Targeted Transgenesis

Introduction

Note - we now also offer targeted transgenesis at the H11 locus mediated via microinjection of Cas9 RNP and plasmid targeting vectors in zygotes.

This service is designed to insert single-copy transgenes via homologous recombination into the ROSA26 locus.  Unlike the traditional method of injecting transgene DNA into the pronuclei of fertilized eggs, where integration occurs at random locations with variable copy numbers and unpredictable expression levels, this service results in consistent levels of ubiquitous expression driven by the endogenous ROSA26 promoter.  If the client wishes to control expression with an exogenous promoter, insulator elements can be inserted in the targeting vector.

This service offers the following advantages over the traditional method of pronuclear injection:

1. Similar levels of expression in all founder lines.
2. A known locus of integration.
3. Transgenes are always inserted as a single copy, minimizing the chance that they will be silenced by methylation or lost via recombination.
4. As the site of integraton is known, only a single line of "transgenic" mice is required.

How it works:

Cloning vectors are available from Addgene containing homology arms that are proven to result in a high rate of homologous recombination (see Fig. 1).  We recommend cloning the transgene into pBigT, which contains a floxed neo cassette, then excising with PacI and AscI and subcloning into pROSA26-PA, which contains the homology arms.   The client is responsible for all cloning steps, checking for cloning errors, and supplying at least 50 ug of plasmid DNA purified with the Qiagen Endo-Free Plasmid Maxi kit.  The TMF will linearize the construct and perform the final purification prior to electroporating it into ES cells.  For clients who prefer to use Gateway cloning technology, Addgene offers a Gateway-ready version of pROSA26-PA, called pROSA26-DEST.

The TMF will grow the ES cells under selection, pick a small number of resistant colonies and screen them by Southern blot, using a probe for the shorter of the two homology arms.  Based on our experience so far, around 50% of the colonies should have the transgene correctly integrated.  Using the standard homology arms in pROSA26-PA allows us to use a proven probe for all Southern blots.

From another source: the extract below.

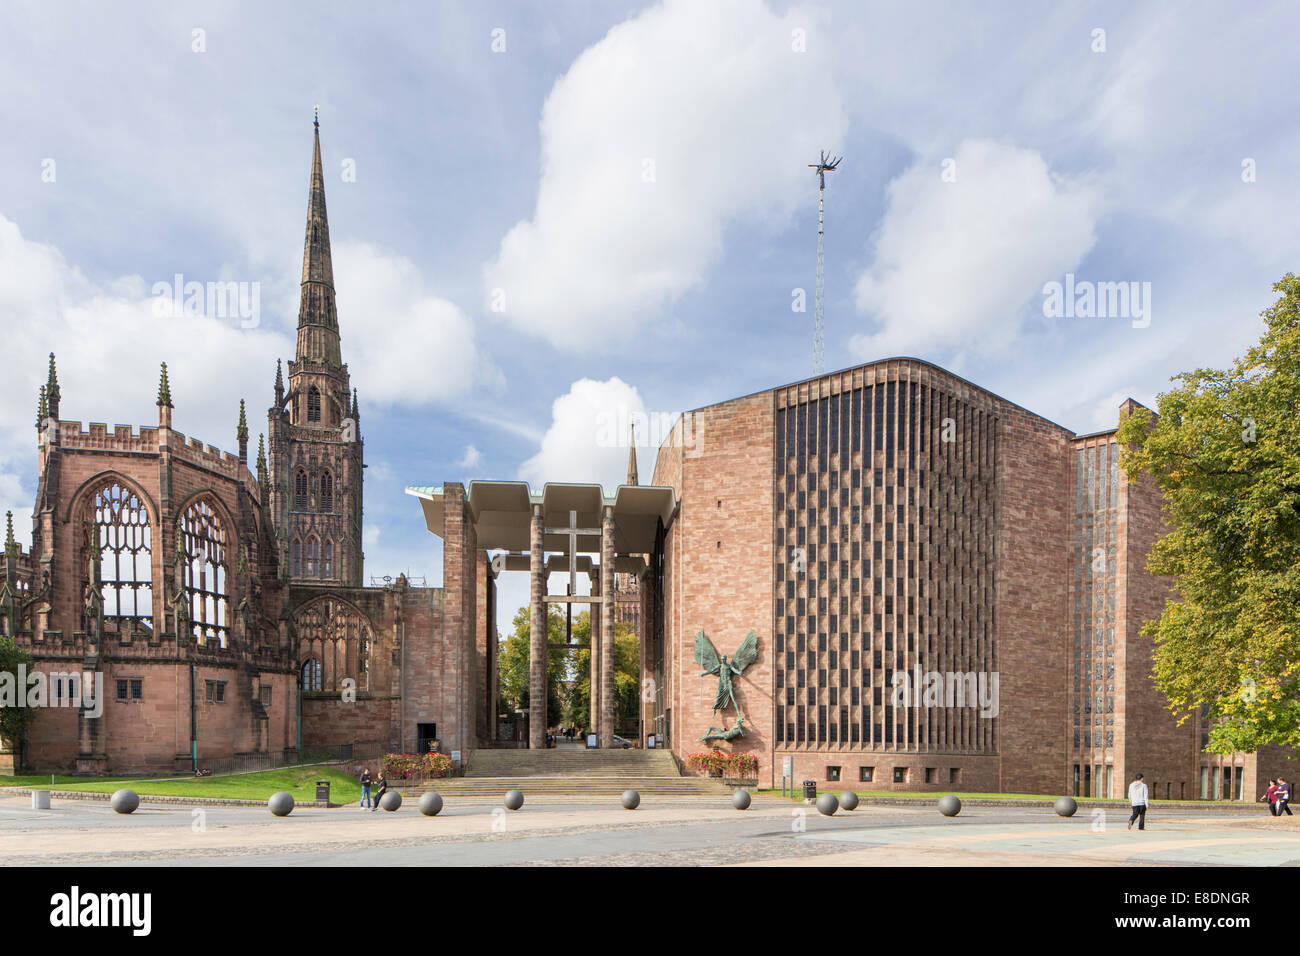 Les ruines de l'ancien et le nouveau St Michael's Cathedral, Coventry, Warwickshire, England, UK Banque D'Images

The client should then request at least 2 correctly targeted colonies to be expanded by us and cryopreserved in multiple vials stored in liquid nitrogen in the TMF.  We also strongly recommend our clients to have us count the chromosomes in 20 metaphase spreads of each clone that they want us to inject.  Clones with less than 50% euploid spreads are unlikely to produce chimeras.  Clone expansion and chromosome counting will incur additional fees.  Injection into blastocysts to produce chimeric mice would then be performed under our standard ES cell injection service.  Resulting chimeras can be bred by the client (or by the TMF under our standard breeding service) to produce heterozygous founder mice.

Fig. 1: Southern blot results for 40 colonies after targeting the ROSA26 locus.  The wildtype locus produced a band of 5.8 kb in all colonies, and 27 colonies (68%) display an additional band at 3.1 kb, indicating correct targeting with the transgene.